Gran gives thanks; a change to the Castle Line schedule; The Bartered Bride; a tough time for the Eagle family; two christenings; disapproval of plant collecting; fifty pounds saved; “nippers” on HMS Victory; a new bird on Brownsea Island, and farewell to Winston Churchill.
October 4th 1964: “A quiet afternoon writing more letters”, Gran tells us, and she continues:
…this evening I went to Church, primarily to give thanks for Geoffrey’s safe arrival and Jane Elizabeth’s well-being, but it proved to be a most uplifting and inspiring service, conducted by a visiting clergyman, a Welshman, whose name I unfortunately do not know. His sermon was based on our interdependence one upon the other and our Brotherhood in God the Father, and he spoke with the utmost sincerity and forthrightness. I shall long remember this evening.
Gran attends the AGM of the Southampton Natural History Society on the 6th. She finds the business tedious, as ever, but, “once disposed of” she says, Mr Ron Eastman:
…showed us two beautiful films, the British Transport Commission’s “Wild Highlands”, and his own, “Way of a River”. This last was a year’s sequence on and about the Test, in Hampshire and was really wonderful, close-up views of birds, flowers, butterflies, moths and caterpillars being quite enchanting.

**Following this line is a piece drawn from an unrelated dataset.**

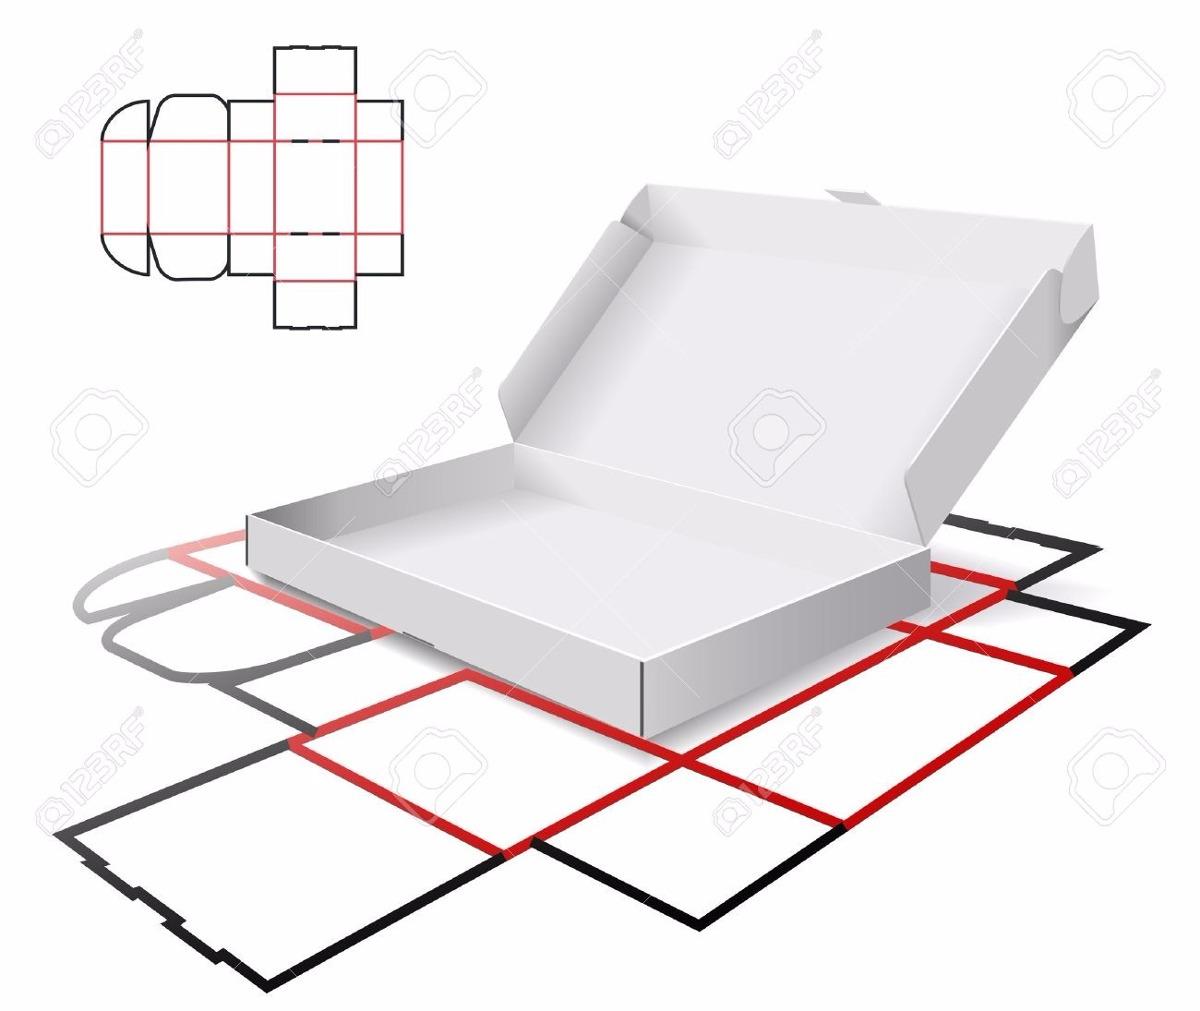 Plantilla Y Corte Para Cajas De Carton - Bs. 150,00 en Mercado Libre

The next few days are taken up with work for the Fowlers. Shipping, Gran says, is disorganised owing to another dockers’ strike. Diana Fowler has told me that Union Castle sailings to South Africa always took place at the same time and on the same day each week, but on October 8th, Gran writes:
This afternoon we packed for the “Windsor Castle”, which sails tomorrow, a day late – the first time in all my shipping experience that a Castle boat has failed to sail at four o’clock on a Thursday.
The weather too, affects shipping at this time, “Sunset was golden in the west, and it is a still quiet night”, she says on October 10th, and continues:
We seem to have missed the gales that ravaged the Channel Islands last night and delayed the departure of the “France” from France last night. She should have arrived in Southampton at ten o’clock but did not do so until three o’clock this morning!

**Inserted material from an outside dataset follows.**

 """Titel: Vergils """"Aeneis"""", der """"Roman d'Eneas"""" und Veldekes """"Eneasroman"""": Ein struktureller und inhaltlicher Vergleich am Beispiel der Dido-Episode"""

At the end of another day delivering flowers at the docks, Gran has tea with Tommy and Bob before:
…going to the Gaumont Theatre… to see a performance by the Sadlers Wells Opera Company of Smetana’s “Bartered Bride”. It was very colourful and extremely well sung and acted. I enjoyed it immensely. I saw several people whom I knew, including Helen Horne, with Mary and Jill Harding, with whom I had a lift home.
Gran has a lovely day in the New Forest on the 17th – the Natural History Society’s annual “Fungus Foray”, led by Dr Manners of Southampton University. She is interested to walk through Shave Green Enclosure, “through the Long Ride of Douglas Fir trees, which”, she says, “had been planted ninety years ago by the grandfather of one of our members, Mr Knowlton, who was a Forester”.

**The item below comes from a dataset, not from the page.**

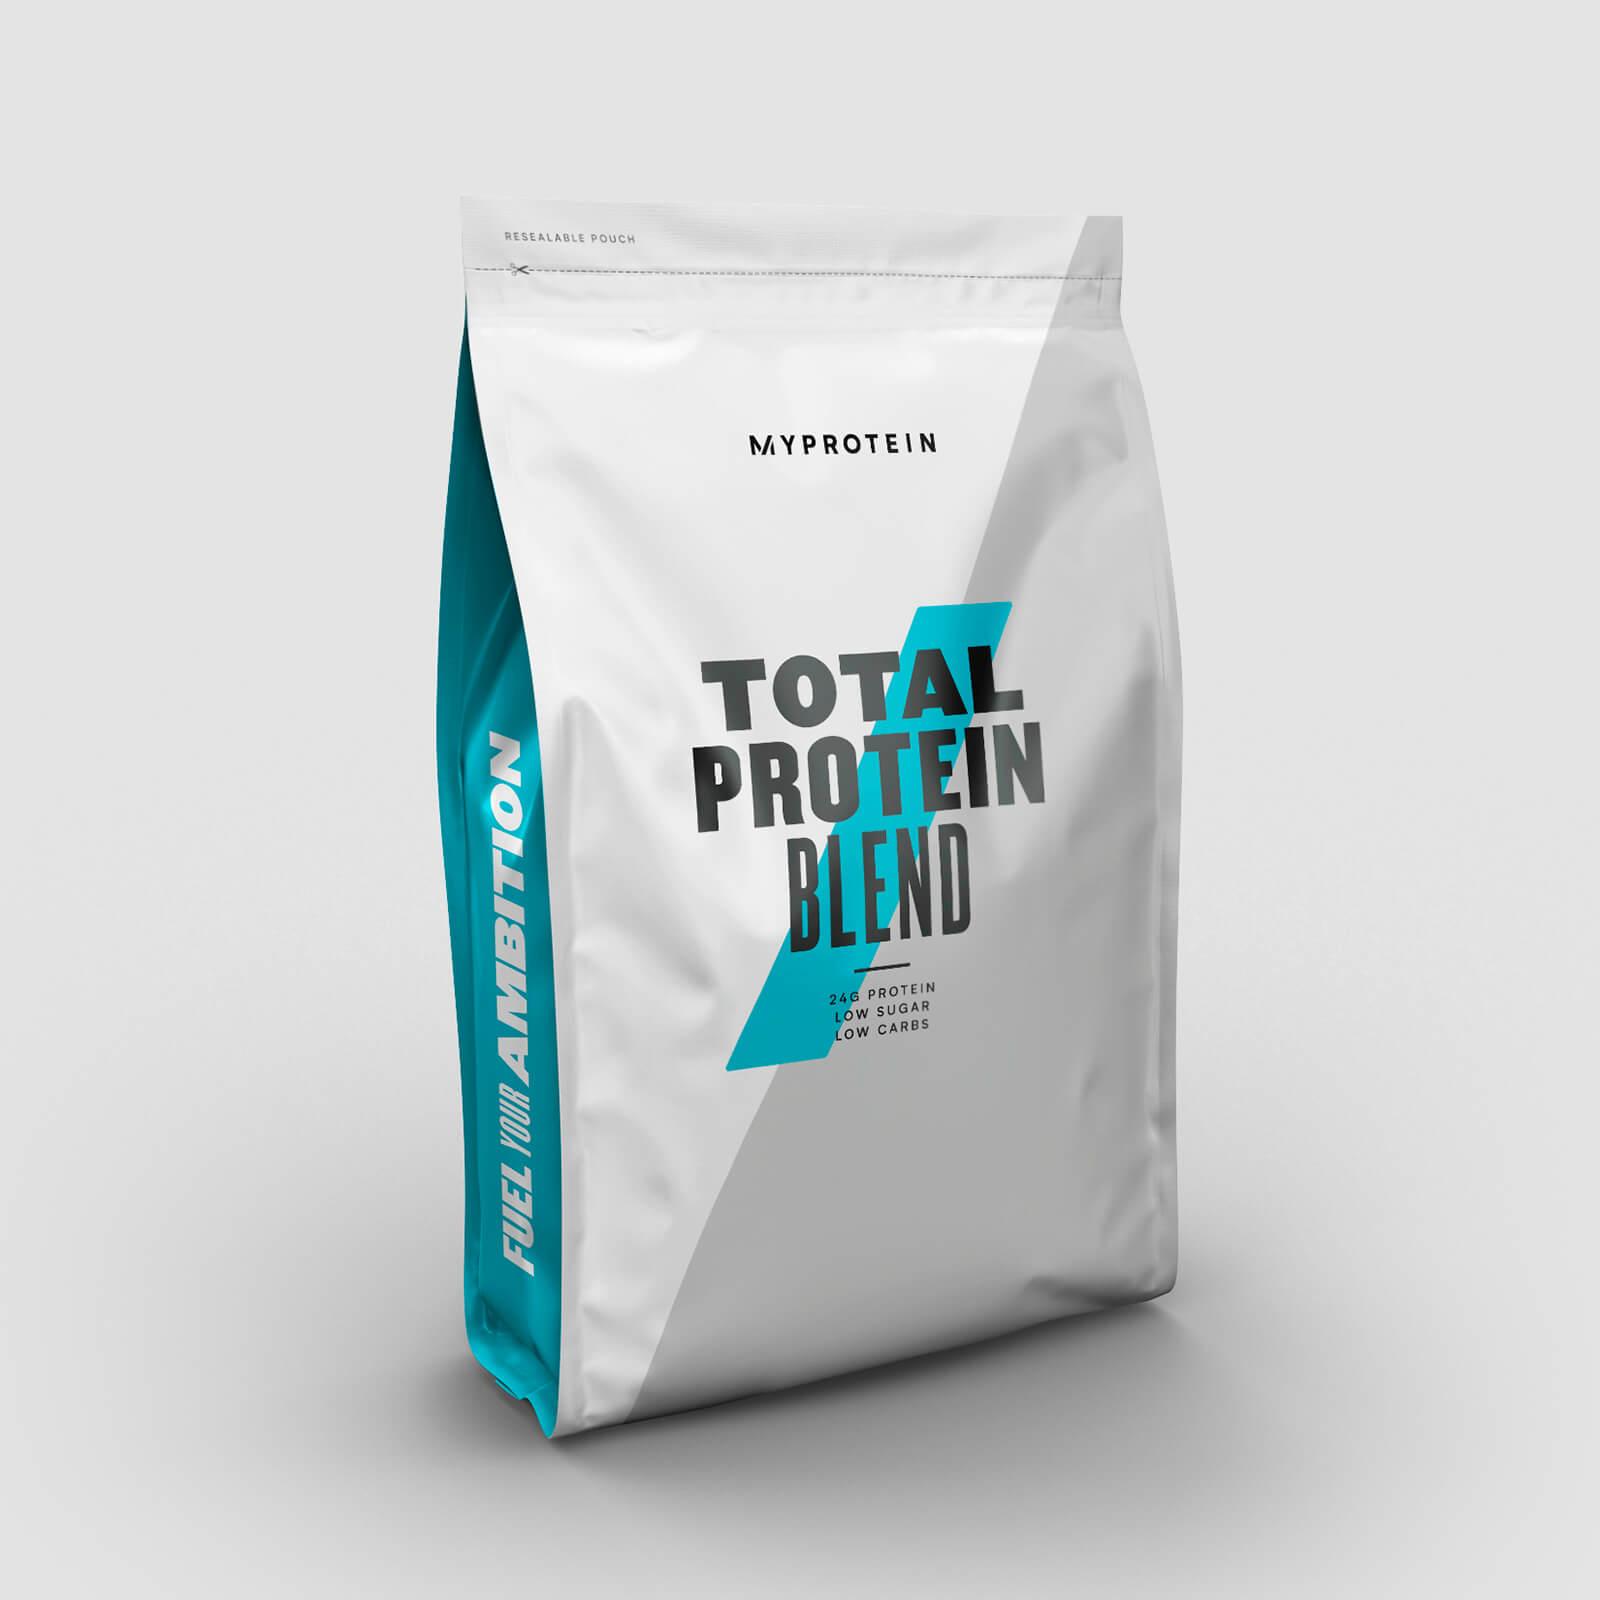 60% auf ausgewählte Produkte bei Myprotein: z.B. 5kg Total Protein Blend - 34,47€ | 2.5kg Milk Protein für 19,59€ | 1kg Creatin - 7,59€

On the following evening she writes, worried, about Peg’s son John:
Today has been shadowed by disquieting news of John Eagle. Hazel [Bidmead] phoned me early this afternoon to tell me that his family had been urgently called to his bedside in London, but he did not know them. Poor Peg, one can only pray for them all.
And six days later, after a bird-filled and enjoyable day at Keyhaven with George Green, Gran returns home, and, reading the local paper, her up-beat mood changes. She tells us:
I was extremely saddened to read in the “Echo” that John Eagle died yesterday in St Bartholomew’s Hospital in London. It is unbelievable and my heart aches for his family. He was only fourteen. There was some cloud at sunset.
October 25th:
Hazel Bidmead called to discuss flowers from the Natural History Society for John, and the wording on the cards. We went for a walk, but it is almost impossible now in Chandler’s Ford to find anywhere not built up. Still, quite a few trees are left and these were beautiful.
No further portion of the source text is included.